* [TASK OBJECTIVE]
Search the material for the string "Ideas", then return every line where it is found.

* [GIVEN RECORDS]
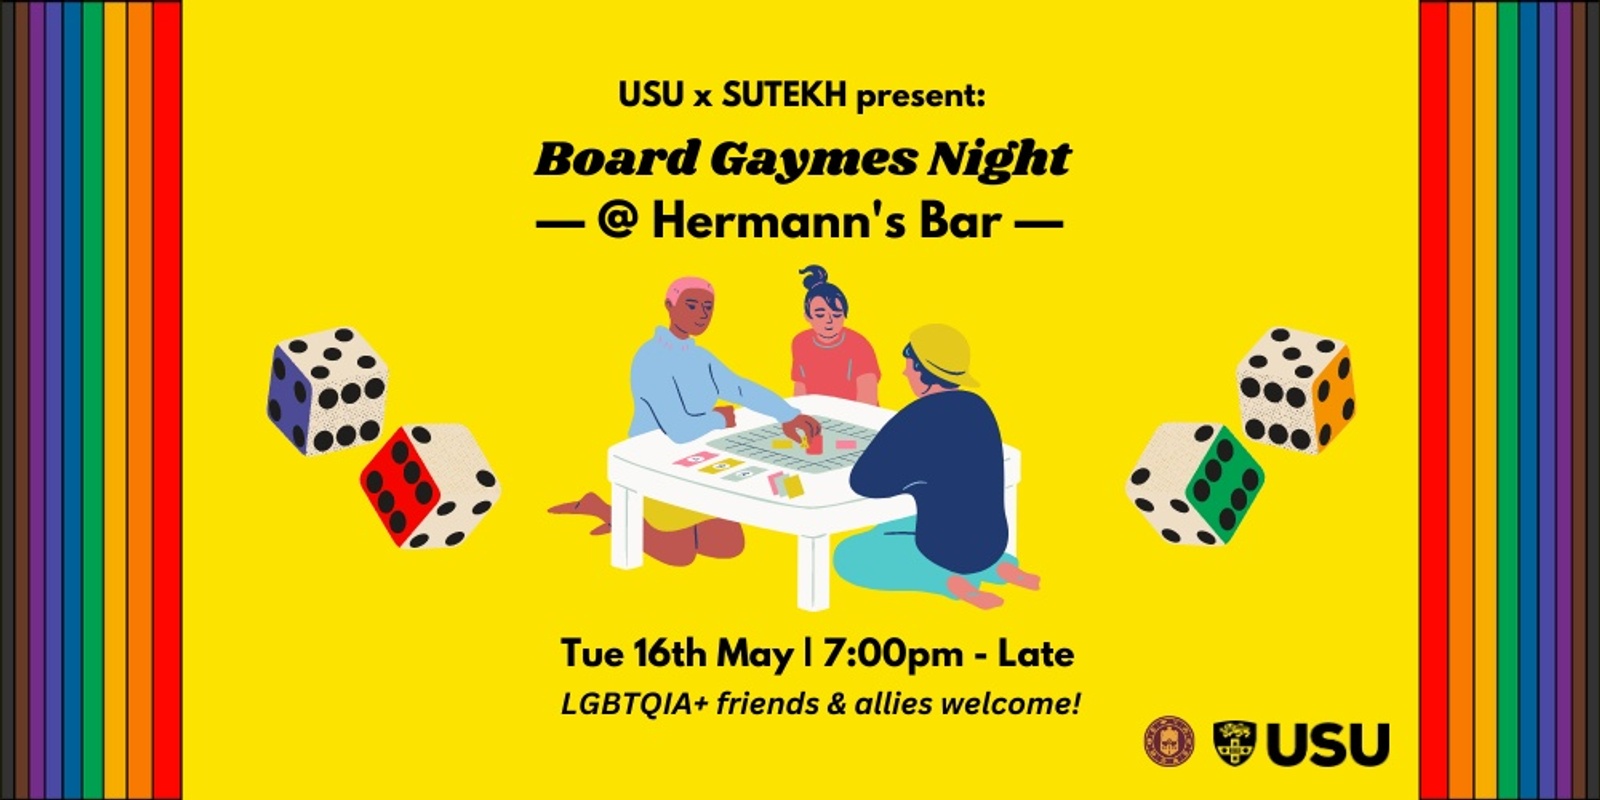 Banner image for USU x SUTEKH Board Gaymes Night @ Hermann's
--
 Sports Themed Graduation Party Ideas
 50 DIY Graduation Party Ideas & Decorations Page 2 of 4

* [TASK ANSWER]
 Sports Themed Graduation Party Ideas
 50 DIY Graduation Party Ideas & Decorations Page 2 of 4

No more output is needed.